U.S. Court of Appeals for the Fifth Circuit, 2002

Raeford Farms of LA v. Luster

Raeford Farms of LA v. Luster
U.S. Court of Appeals for the Fifth Circuit · Decided October 22, 2002

Raeford Farms of LA v. Luster

Opinion

IN THE UNITED STATES COURT OF APPEALS FOR THE FIFTH CIRCUIT

No. 02-30327 Summary Calendar

In the Matter Of: RANDALL FARMS, LLC, Debtor, --------------------------------------------------- RAEFORD FARMS OF LOUISIANA, LLC, Appellee, versus JOHN W. LUSTER, Trustee, Appellant.

-------------------- Appeal from the United States District Court for the Western District of Louisiana USDC No. 01-CV-674 -------------------- October 21, 2002 Before BARKSDALE, DeMOSS, and BENAVIDES, Circuit Judges.

PER CURIAM:* Appellant, the bankruptcy trustee of Randall Farms, appeals the holding of the district court, which, in reversing an order of the bankruptcy court, required him to endorse the certificates of title of various motor vehicles that were sold by Randall Farms to a third party and, ultimately, to appellee.

* Pursuant to 5TH CIR. R. 47.5, the court has determined that this opinion should not be published and is not precedent except under the limited circumstances set forth in 5TH CIR. R. 47.5.4.

No. 02-30327 -2- As an initial matter, it is clear that the district court’s order reversing the bankruptcy court is final, and, therefore, subject to appeal. Indeed, so long as a district court order ends a discrete piece of litigation in a bankruptcy case, such a case “need not be appealed as a single judicial unit at the termination of the [bankruptcy] proceeding as a whole.” In re County Management, Inc., 788 F.2d 311, 313 (5th Cir. 1986) (internal citations and quotation marks omitted). As this matter involves a discrete piece of litigation, it therefore may be appealed.
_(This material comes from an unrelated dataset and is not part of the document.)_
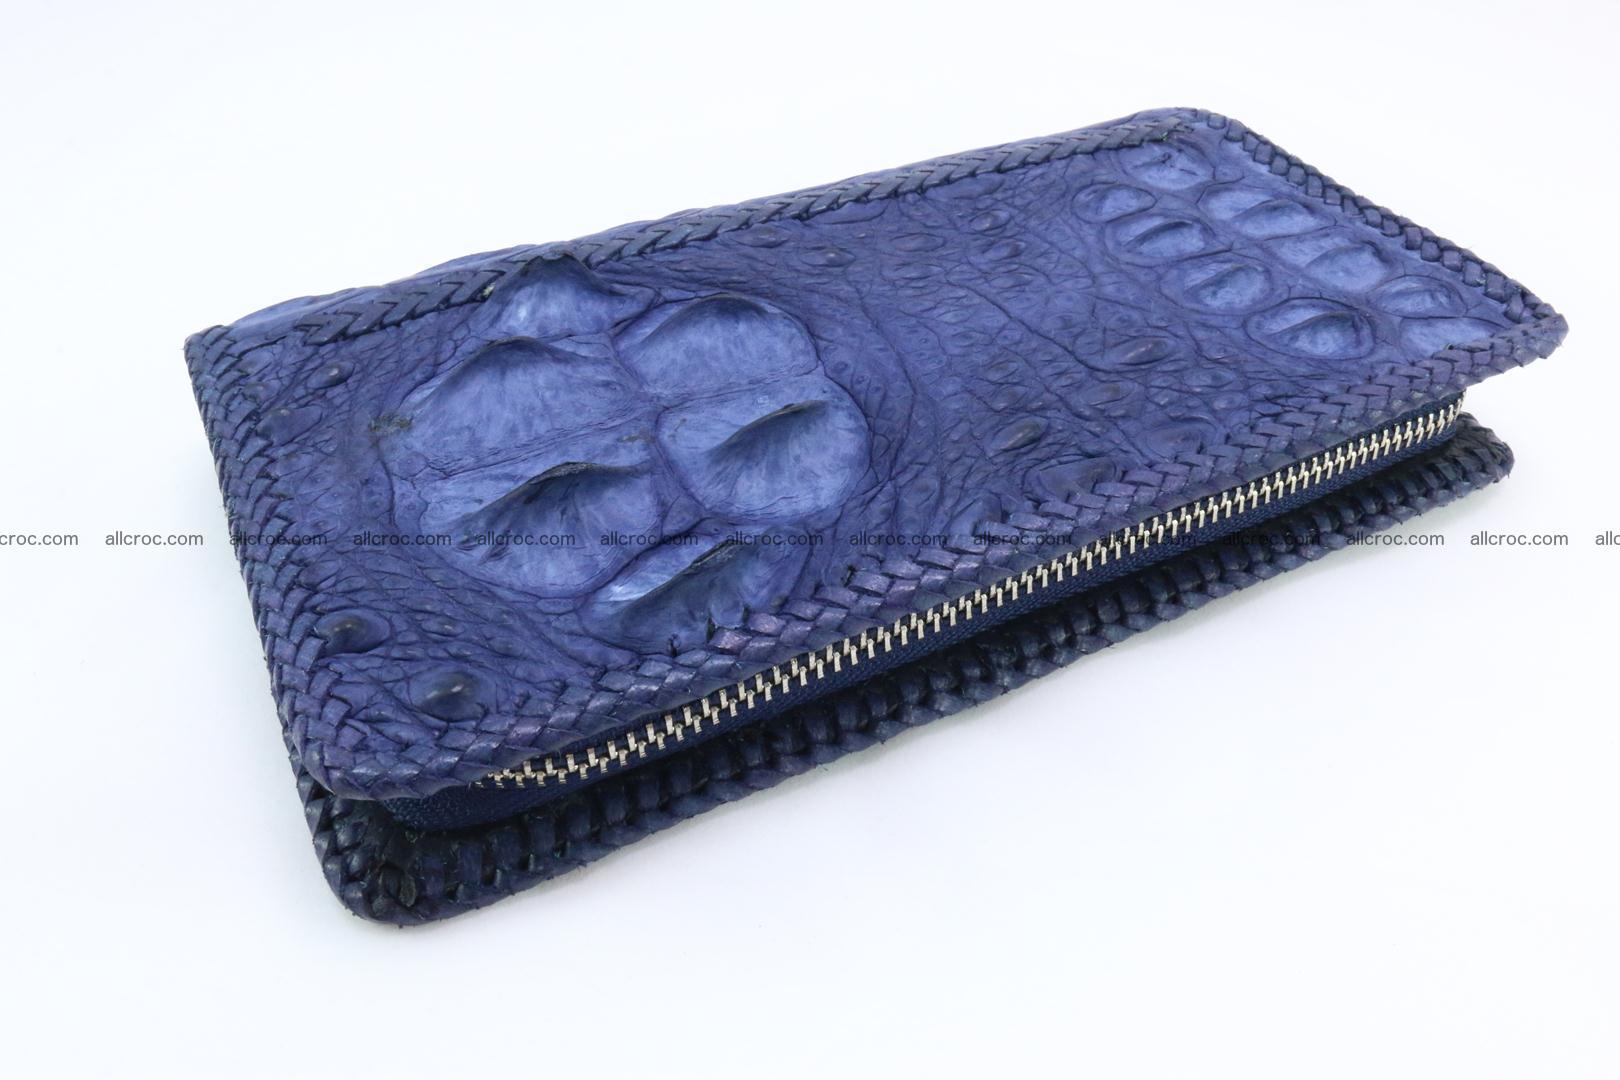 Genuine crocodile hornback wallet with zip 105 Foto 13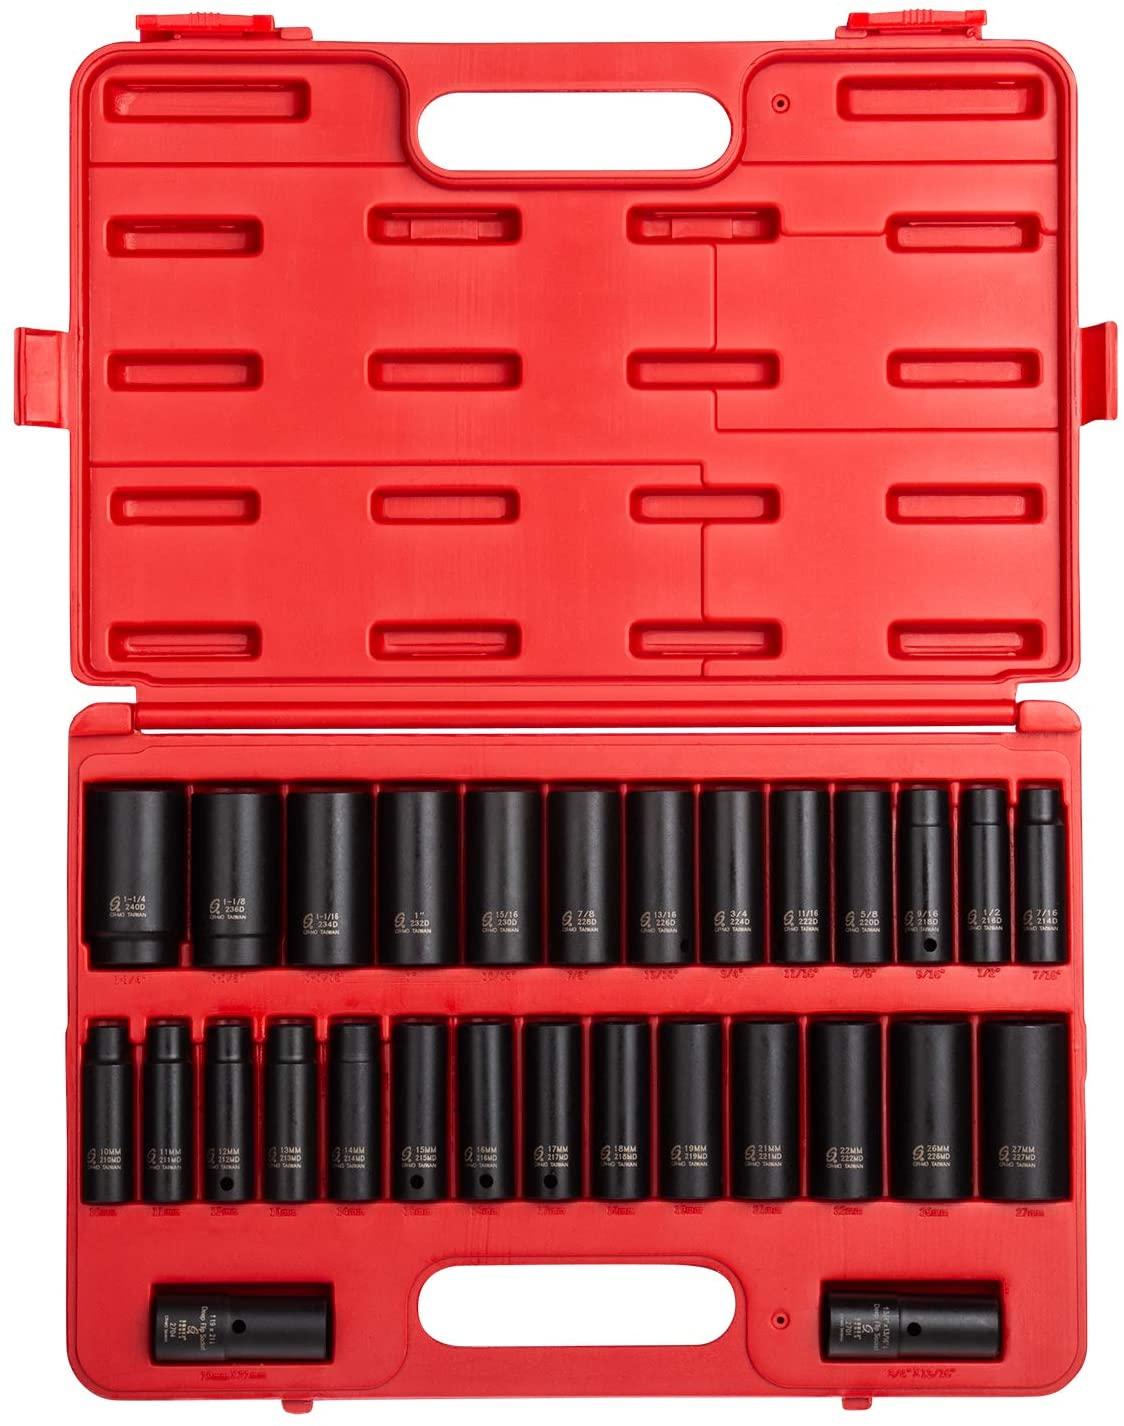 Sunex 5153DD, 1/2 Inch Drive Master Impact Socket Set, Double Deep, 29-Piece, SAE/Metric, 7/16 - 1-1/4, 10mm-27mm, Cr-Mo Steel, Radius Corner Design, Dual Size Markings, Heavy Duty Storage Case

Appellant also asserts that the district court erred in granting leave to appeal the holding of the bankruptcy court.

Appellee responds that the district court’s granting leave to appeal the bankruptcy court’s order is interlocutory, and thus not subject to review. Yet, the order granting leave to appeal is in fact subject to review, as a final order has now issued from the district court. Accordingly, the district court’s granting leave to appeal is subject to our review. To determine whether the district court’s granting leave of appeal constituted an abuse of discretion, see 28 U.S.C. § 158(a), an analysis of the merits of the issue is necessary.

Appellant contends that the vehicles at issue are part of the bankruptcy estate. Although the certificates of title of the vehicles have not been signed over to appellee, the sale of the vehicles had been consummated prior to Randall Farm’s petitioning No. 02-30327 -3- for bankruptcy, which, under Louisiana law, is sufficient to transfer ownership of the vehicles. See Zilkha Energy Co. v. Leighton, 920 F.2d 1520 (10th Cir. 1990) (holding that the extent and efficacy of any such judicial lien is determined by state law); La. Civ. Code art. 2456 (noting that “[o]wnership is transferred between the parties as soon as there is agreement on the thing and the price is fixed, even though the thing sold is not yet delivered nor the price paid”); Wright v. Barnes, 541 So. 2d 977, 979 (La. App. 2 Cir. 1989) (“The sale of a motor vehicle is governed by the civil code articles relating to the sale of movables, and is not affected by non-compliance with the requirements of the Vehicle Certificate of Title [Law].”) (internal citations omitted).

Thus, as appellee owns the vehicles at issue under Louisiana law, the district court was correct to conclude that appellant must endorse the certificates of title, a mere ministerial act to ensure compliance with the administrative proceedings of Louisiana law. Thus, the district court’s granting leave of appeal does not qualify as an abuse of discretion and, moreover, reversing of the bankruptcy court’s order was appropriate.

Accordingly, the district court’s decision is AFFIRMED.